» **Directions**: Output, word for word, the line that contains "Regenboog boven natte" and all lines following it to the end of the listing. Drop the pictures.

» **Dataset excerpt**:

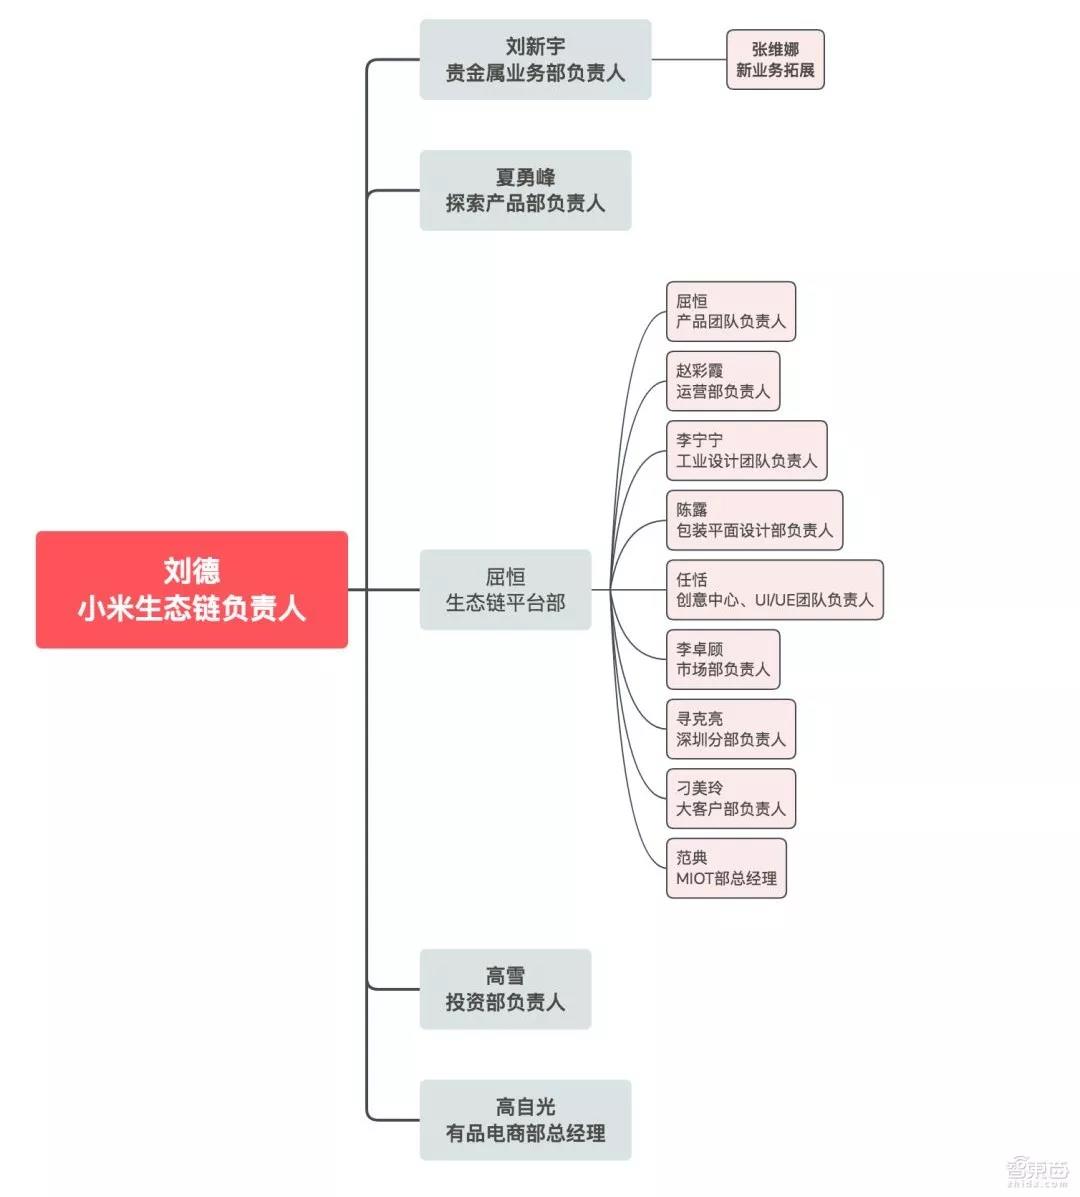 小米供应链结构图2021图片
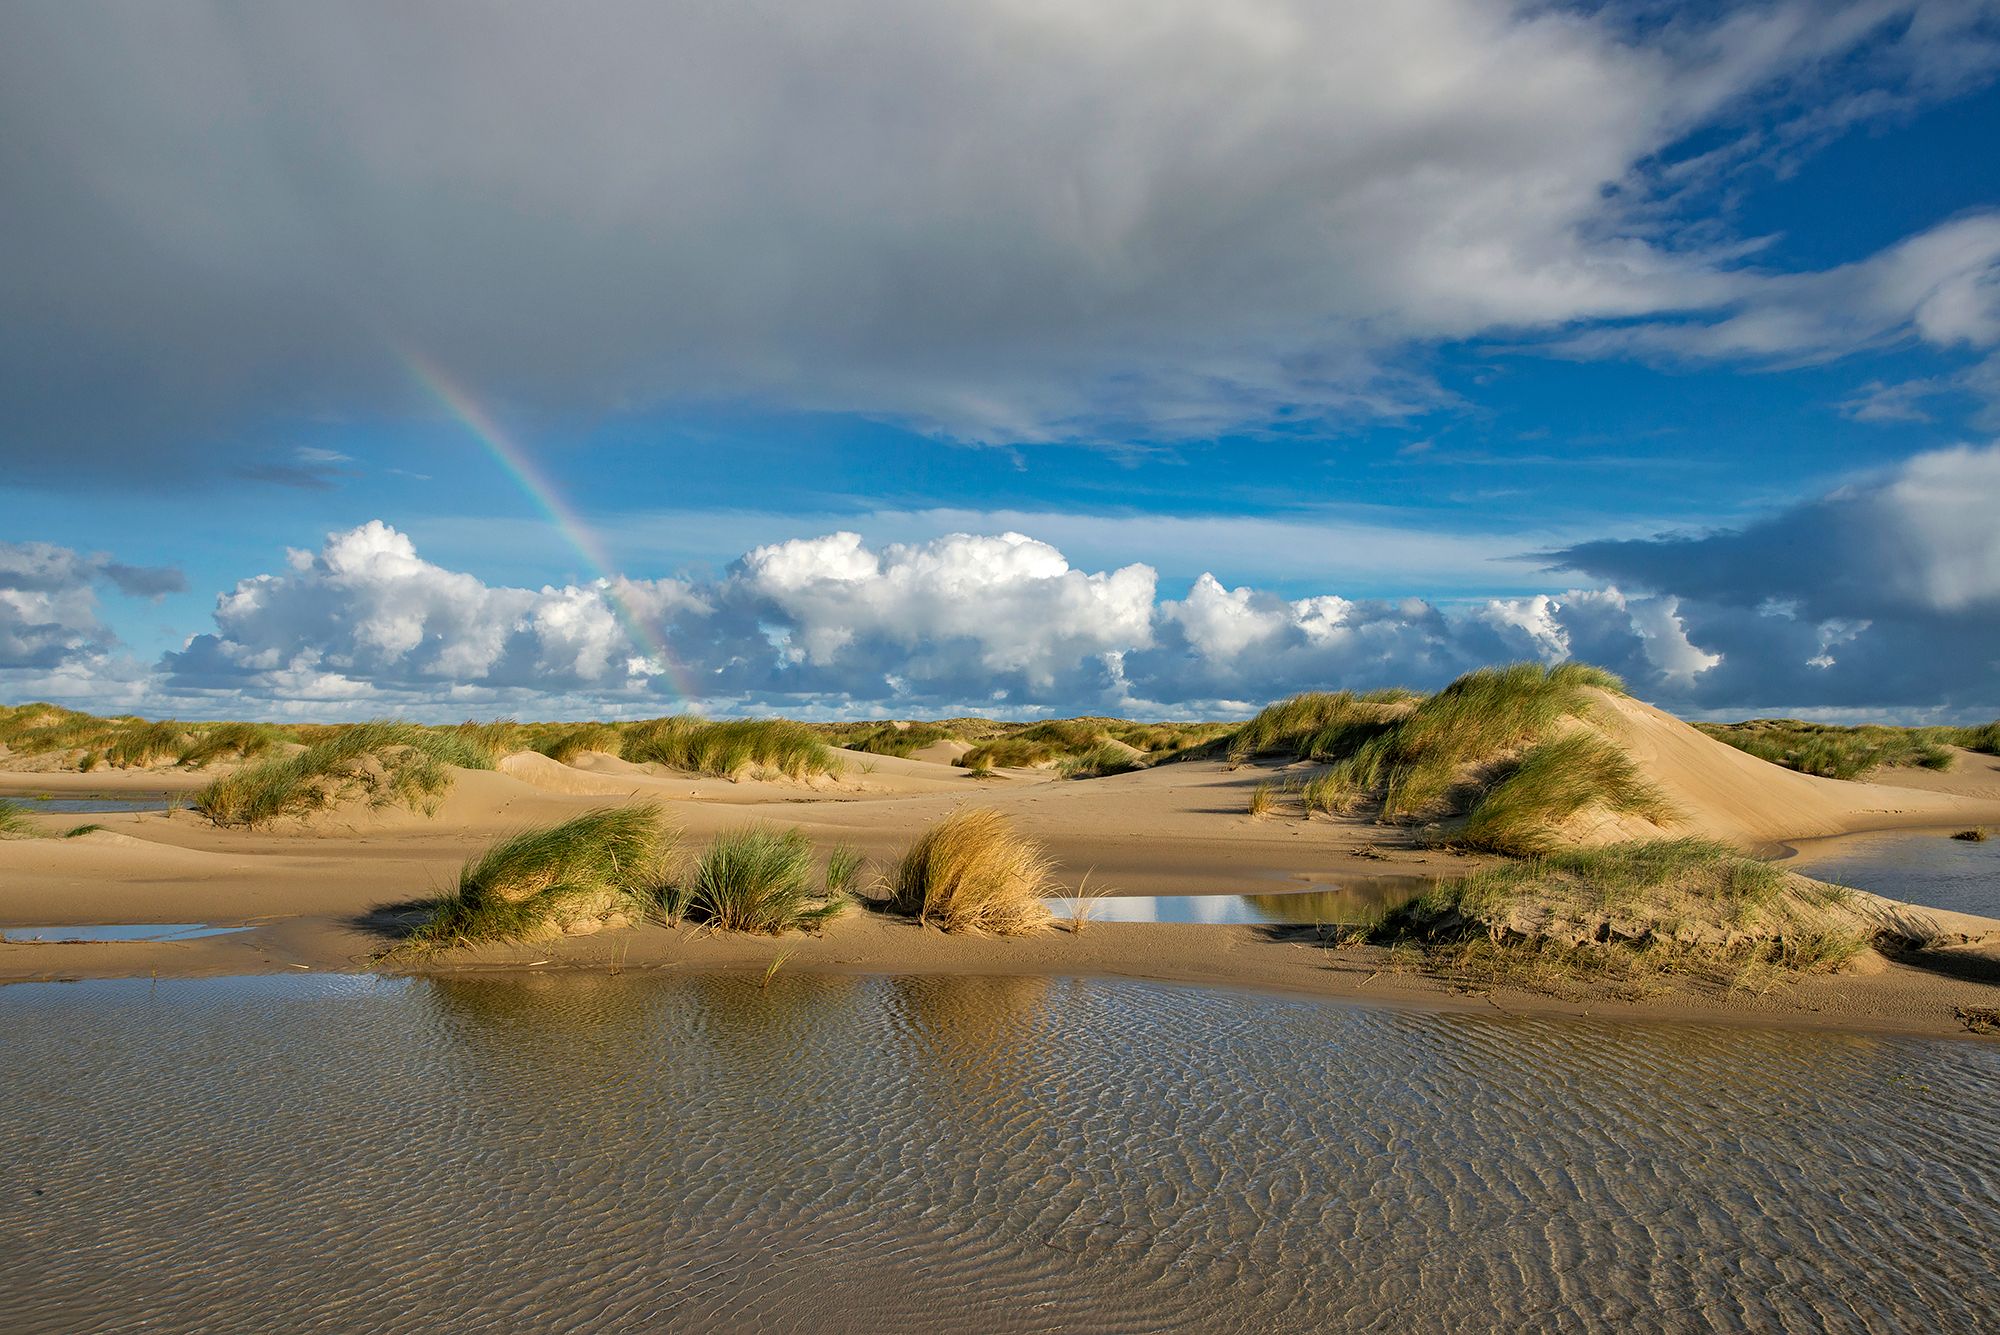 Regenboog boven natte vallei tussen de zeeduinen op de strandvlakte van De Hors op de zuidpunt van Waddeneiland Texel.
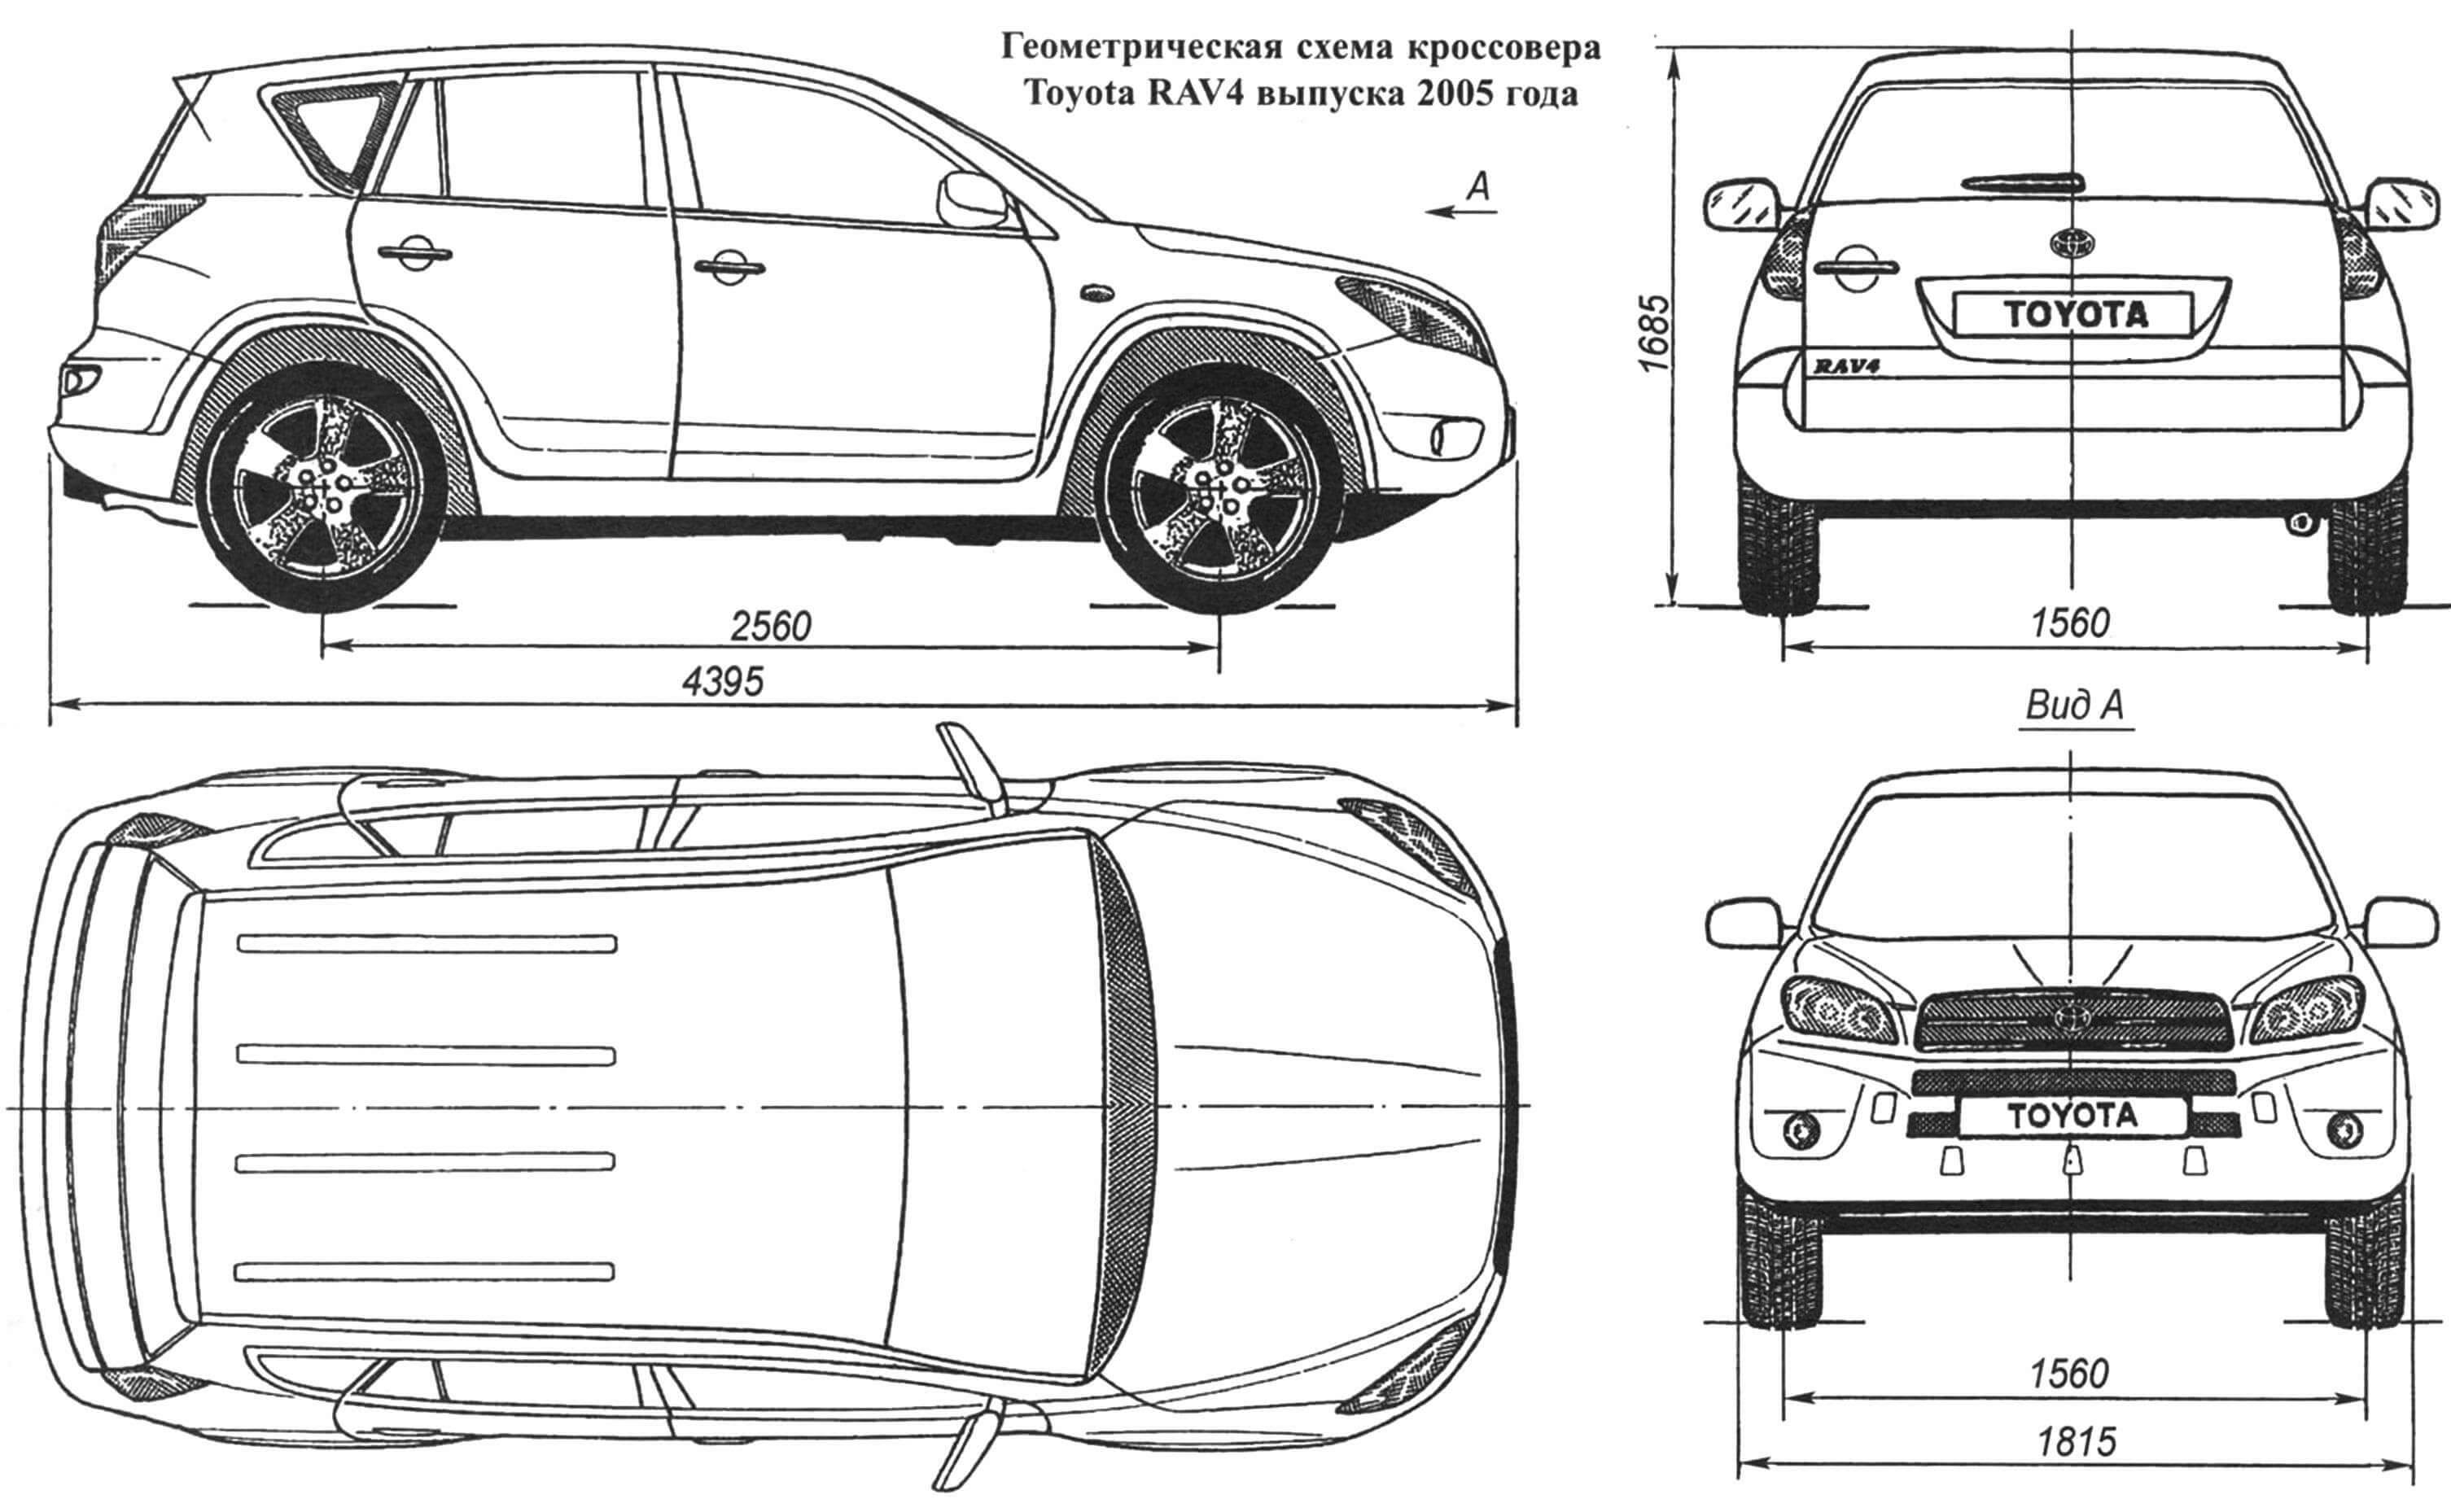 Геометрическая схема кроссовера Toyota RAV4 выпуска 2005 года

» **Task response**:
 Regenboog boven natte vallei tussen de zeeduinen op de strandvlakte van De Hors op de zuidpunt van Waddeneiland Texel.
 Геометрическая схема кроссовера Toyota RAV4 выпуска 2005 года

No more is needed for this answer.